→ Recorded data:

== Segment start ==

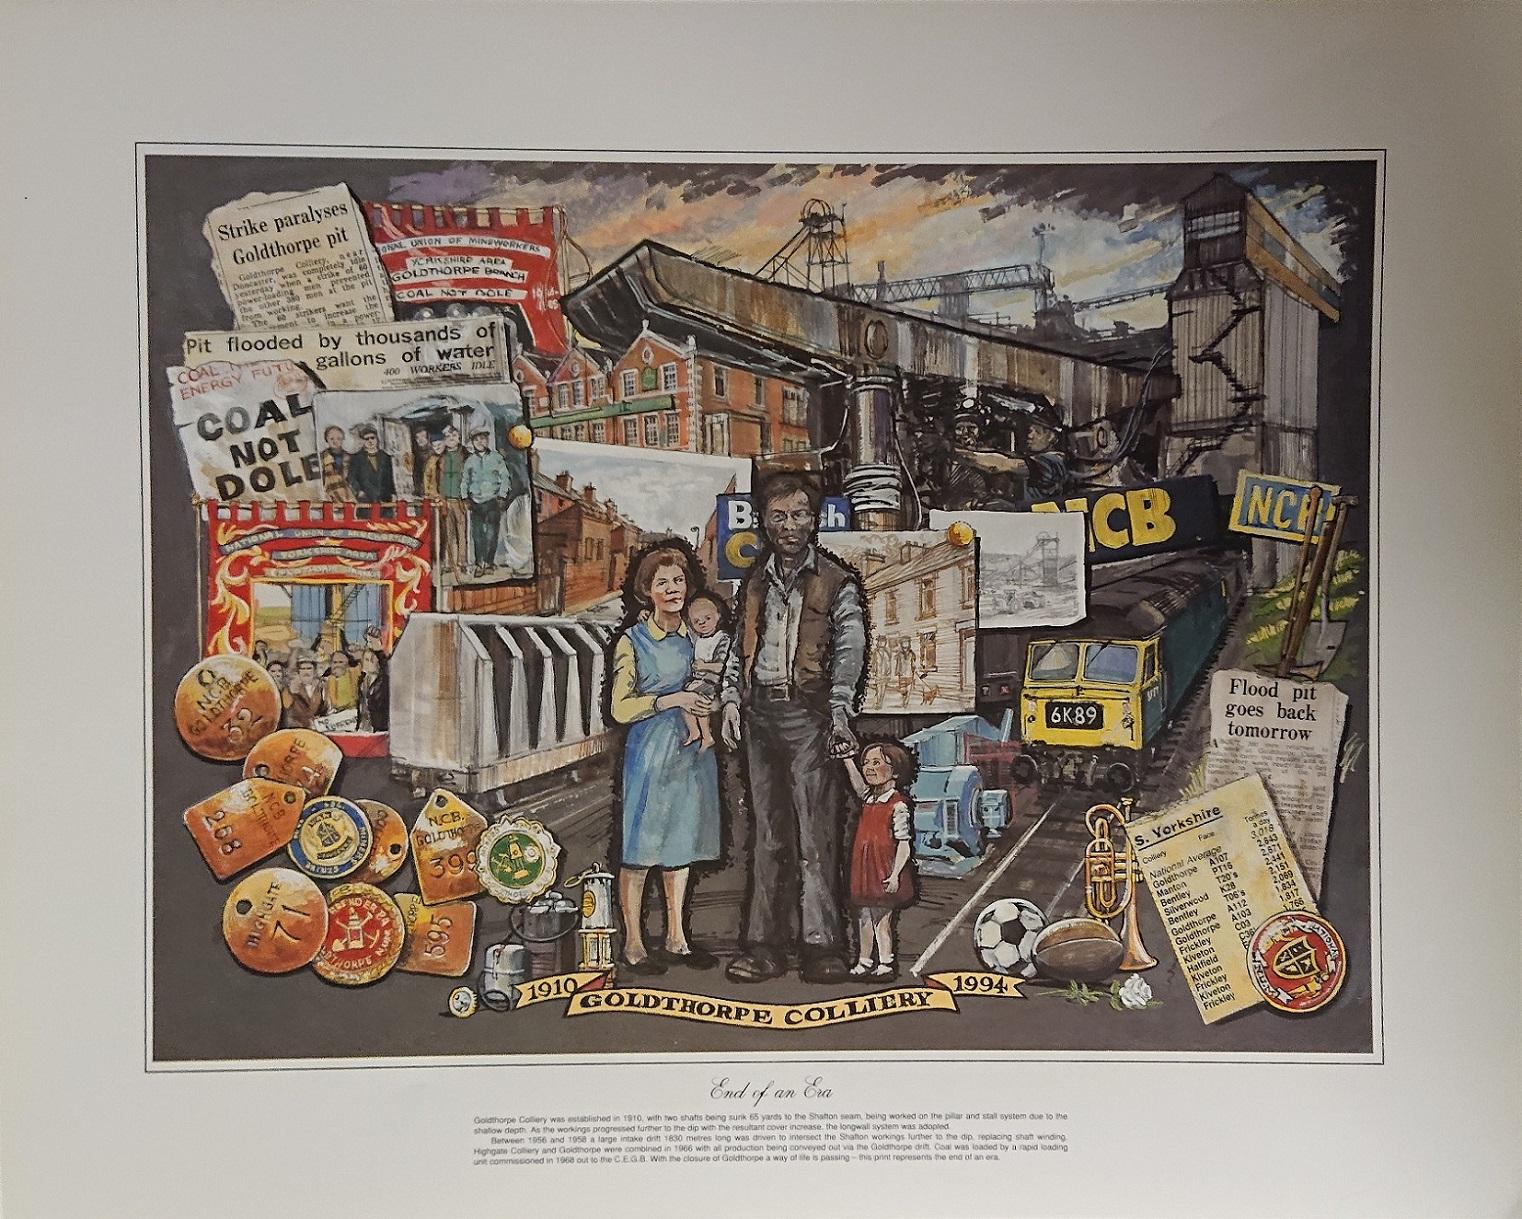 1910 - 1994 Goldthorpe Print
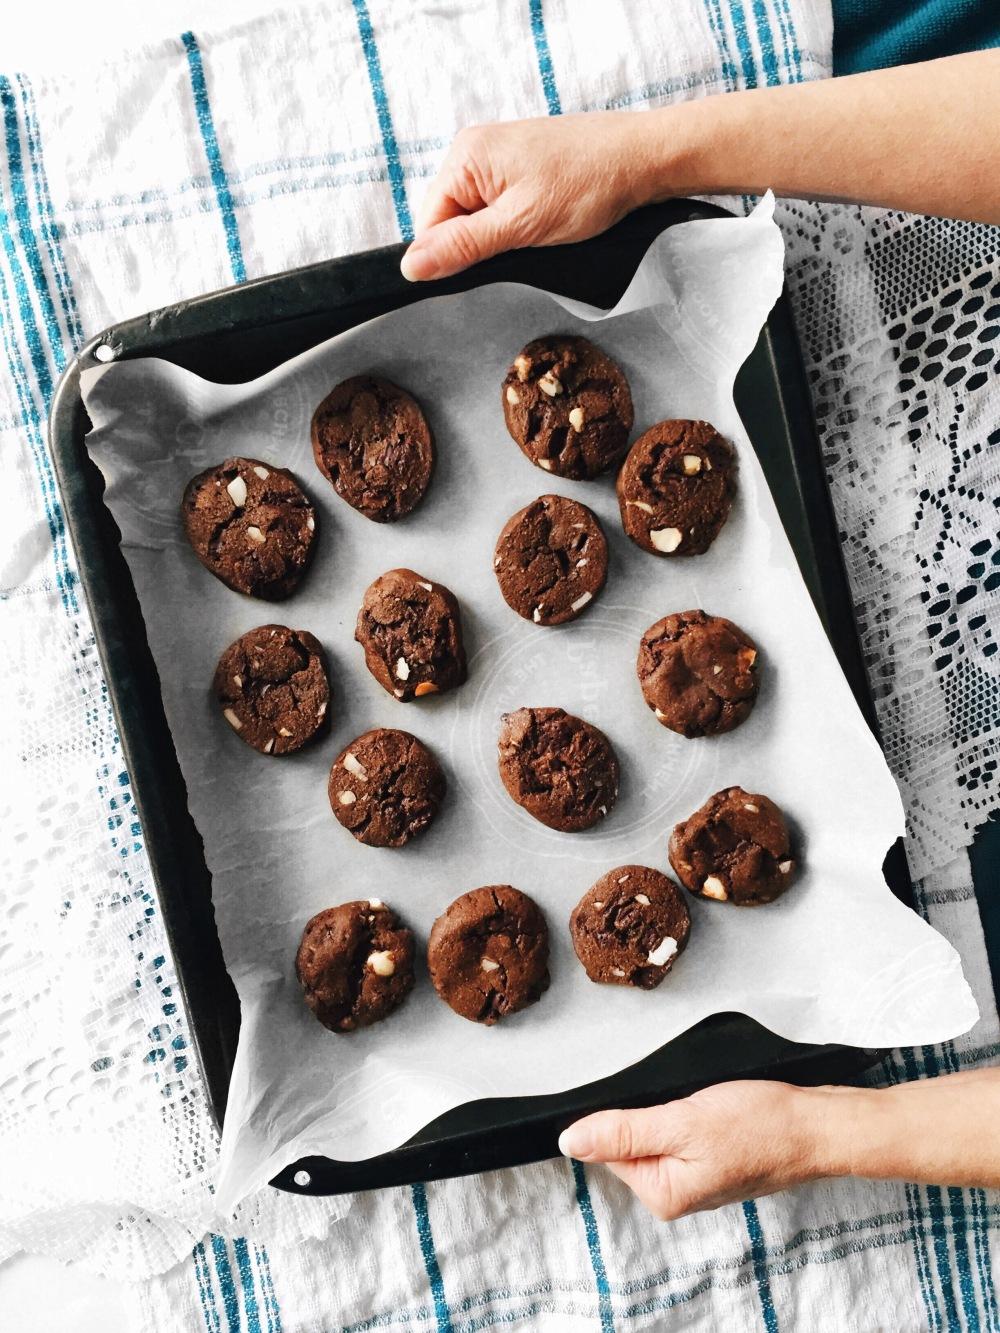 biscuits double chocolat santé végane aux noix de macadam Cuisine estudiantine
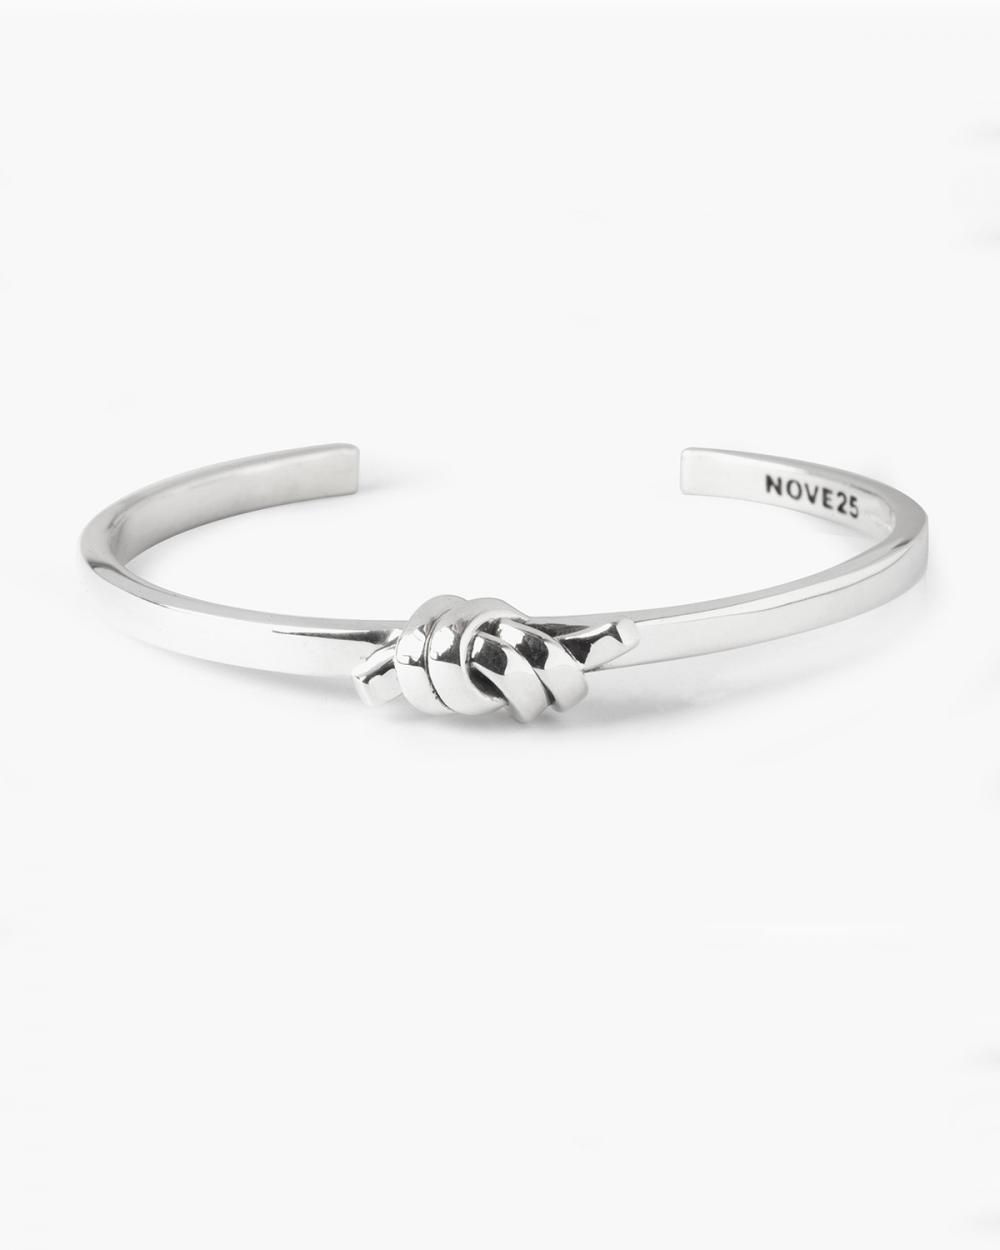 Bracelets KNOT BANGLE NOVE25
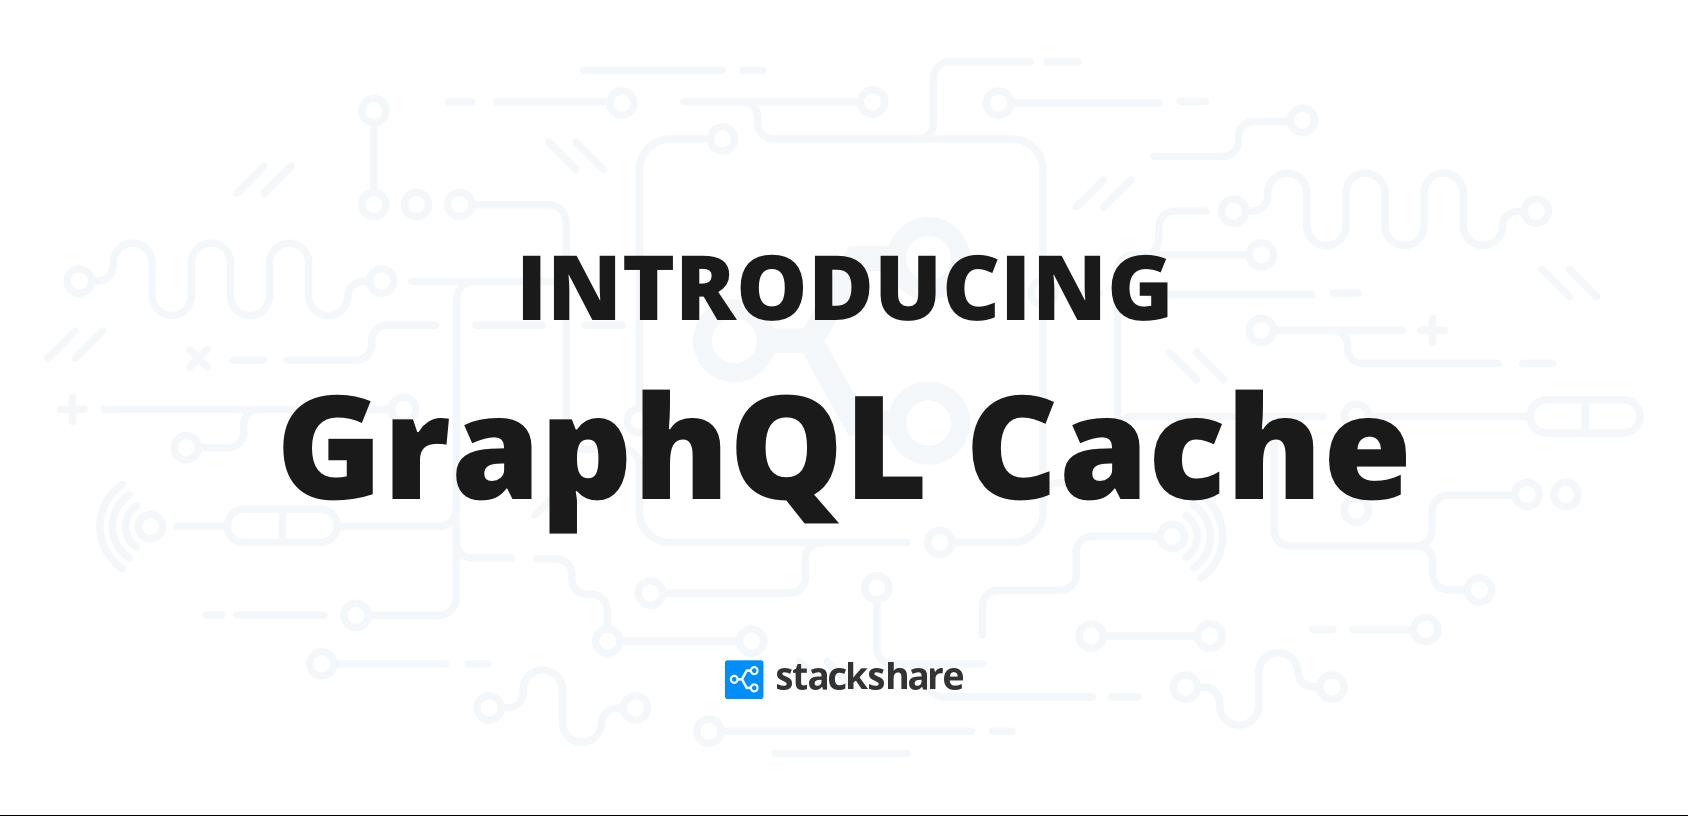 GraphQL Cache

== Segment end ==

→ Aim of the exercise:
Before you finish, make sure every line above has been repeated exactly and no picture remains in the copy.

→ Exercise solution:
 1910 - 1994 Goldthorpe Print
 biscuits double chocolat santé végane aux noix de macadam Cuisine estudiantine
 Bracelets KNOT BANGLE NOVE25
 GraphQL Cache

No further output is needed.